Elsewhere on the MLA Democracy Web site, Bousquet cites the sentence from the 2010 CAW report, “One Faculty Serving All Students,” that gives rise to his claim that the MLA seeks to restrict tenure to certain classes of faculty:
"The number of tenure lines should be sufficient to cover courses in the upper-division undergraduate and graduate curricula and to ensure an appropriate presence of tenured and tenure-track faculty members in the lower division."
When the CAW report was released, Bousquet criticized this provision. Since he had very recently coauthored an American Association of University Professors report, “Tenure and Teaching-Intensive Positions,” that conflicted with the CAW report by recommending across-the-board conversions to the tenure track, he successfully argued that the AAUP should not endorse the CAW report. As Bousquet told Inside Higher Ed at the time, he agreed with “90 percent” of the CAW recommendations. But the remaining 10 percent was serious business.
The sticking point was this: What does “appropriate presence” mean in the CAW report? It is a standard wide enough to drive many truckloads of adjuncts through. In rhetoric and composition programs, most importantly, an “appropriate presence” might be understood as “just enough tenured or tenure-track faculty to administer legions of adjuncts, say, maybe two.” These would be the writing program administrators James Sledd famously dubbed “boss compositionists,” and it is at least arguable that the CAW report, in vaguely calling for an “appropriate presence” of tenured and tenure-track faculty in lower-division courses, was inattentive to the fact that the phrase could be read so generously as to license widespread English department practices whereby composition is relegated to the most contingent faculty -- and foreign-language department practices whereby basic language instruction is relegated to the most contingent faculty -- all of whom are overseen by one or two tenured managers.
So Bousquet was right to object to the language of the CAW report five years ago. Today, he is quite needlessly wrong to claim that the CAW report argues against granting tenure to faculty teaching lower-division courses. Still, the point of conflict between the AAUP and CAW reports is a critical one, and it has only become more important in the intervening years: What is to be done about the vast legions of faculty off the tenure track? What is to be done about the deprofessionalization of the profession?
In our forthcoming book, The Humanities, Higher Education, and Academic Freedom: Three Necessary Arguments, Jennifer Ruth and I try to offer an answer. We propose a teaching-intensive tenure track for contingent faculty. It would constitute an extension (and, we think, a revitalization) of the tenure system, with tenure awarded on the basis of successful teaching, as determined by tenured colleagues within the institution. It would thereby give contingent faculty members access to meaningful peer review -- and substantial job security.

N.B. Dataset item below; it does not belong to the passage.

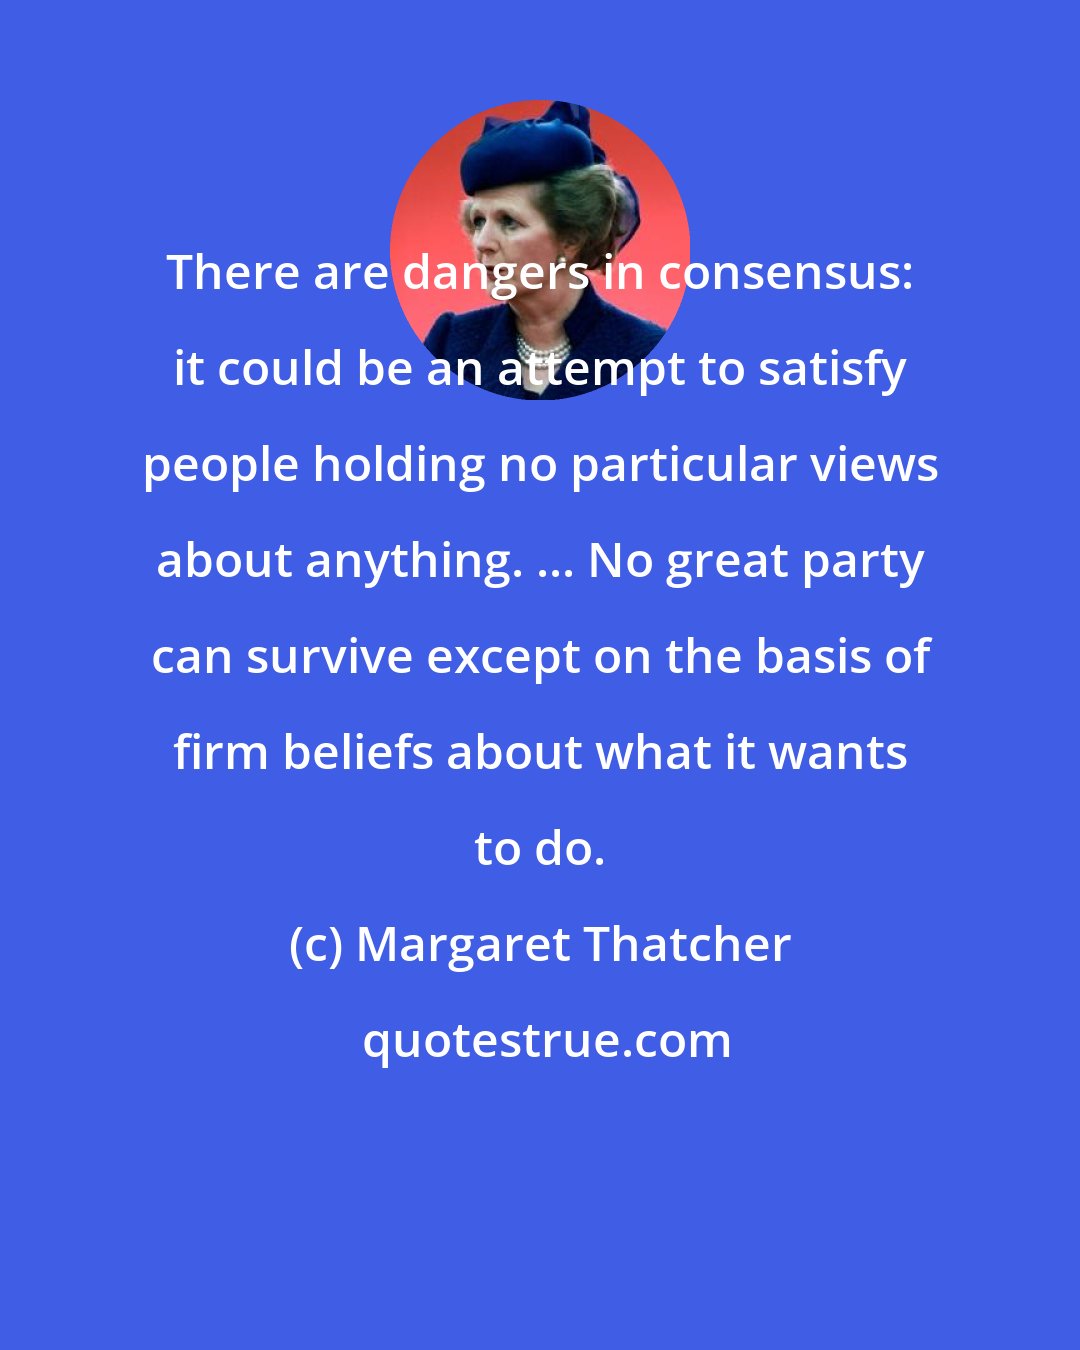 Margaret Thatcher: There are dangers in consensus: it could be an attempt to satisfy people holding no particular views about anything. ... No great party can survive except on the basis of firm beliefs about what it wants to do.

We draw in part on the AAUP “Tenure and Teaching-Intensive Positions” statement, because we agree that for many contingent faculty, employment security in the form of multiyear contracts does not offer the kind of academic freedom necessary for meaningful participation in shared governance. We think the AAUP report describes such contracts accurately: “a potentially crippling development in these arrangements is that many -- while improving on the entirely insecure positions they replace -- offer limited conceptions of academic citizenship and service, few protections for academic freedom, and little opportunity for professional growth.”
But we differ with the AAUP report in one important respect, because we see a tension in that report that leaves a critical question unanswered. The AAUP report recommends:
"The best practice for institutions of all types is to convert the status of contingent appointments to appointments eligible for tenure with only minor changes in job description. This means that faculty hired contingently with teaching as the major component of their workload will become tenured or tenure eligible primarily on the basis of successful teaching."

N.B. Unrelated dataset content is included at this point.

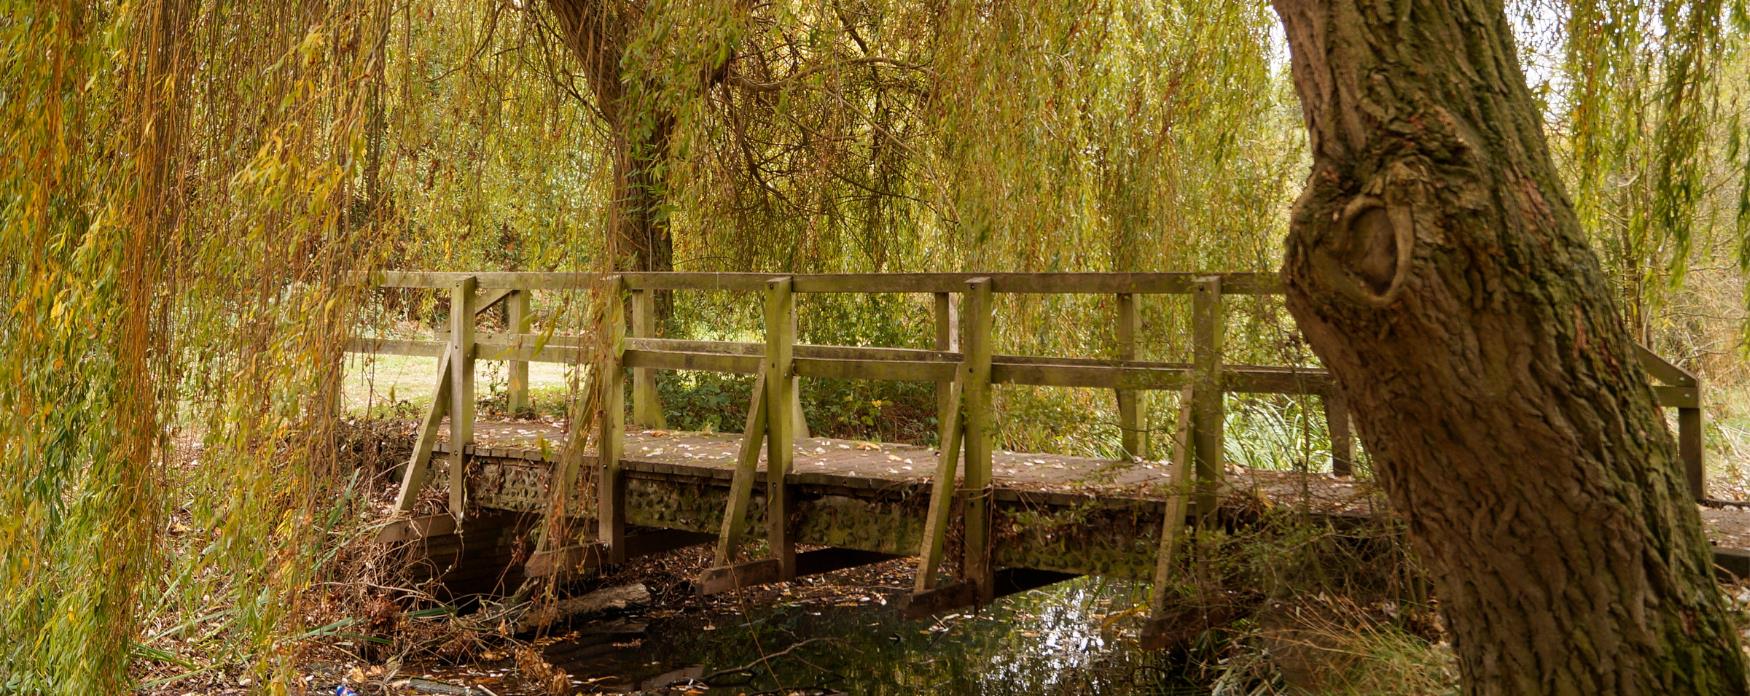 Bridge and willow tree in the autumn

But the AAUP report had earlier noted, correctly, that “the ways in which contingent teachers and researchers are hired, evaluated and promoted often bypass the faculty entirely and are generally less rigorous than the intense review applied to faculty in tenurable positions.” So, in other words, you’ve got a lot of people who may very well be excellent teachers and dedicated professionals, but who were not vetted by any system of professional review. In order to be converted to a tenure track, they need some system of peer review; as the AAUP report has it, “faculty hired contingently with teaching as the major component of their workload will become tenured or tenure eligible primarily on the basis of successful teaching.”
Unfortunately, the AAUP report is silent about the fact that many full-time contingent faculty members do not have terminal degrees in their field. This is especially striking because the person who has done the definitive work on this subject, the person who has argued most strenuously that the Ph.D. is the appropriate credential for college teaching (at least at four-year institutions), is Marc Bousquet.
Bousquet put it well in How the University Works: when “degree holding no longer represents control over who may practice,” the result is “a failed monopoly of professional labor.”
This is one of the reasons that graduate education is in crisis. We have effectively created a system in which we insist that the doctorate is necessary for employment in college classrooms, except when it isn’t. Bousquet initially made his name as an analyst of academic labor by pointing out, in opposition to knee-jerk invocations of “supply and demand,” that there is no “overproduction” of Ph.D.s in the United States; on the contrary, if the Ph.D. were taken seriously as a necessary credential for college teaching, there would be an undersupply of Ph.D.s. Ph.D.s are not being overproduced, they are being underhired -- by a system that employs M.A.s and A.B.D.s at low, low wages and creates an artificially restricted market for new Ph.D.s.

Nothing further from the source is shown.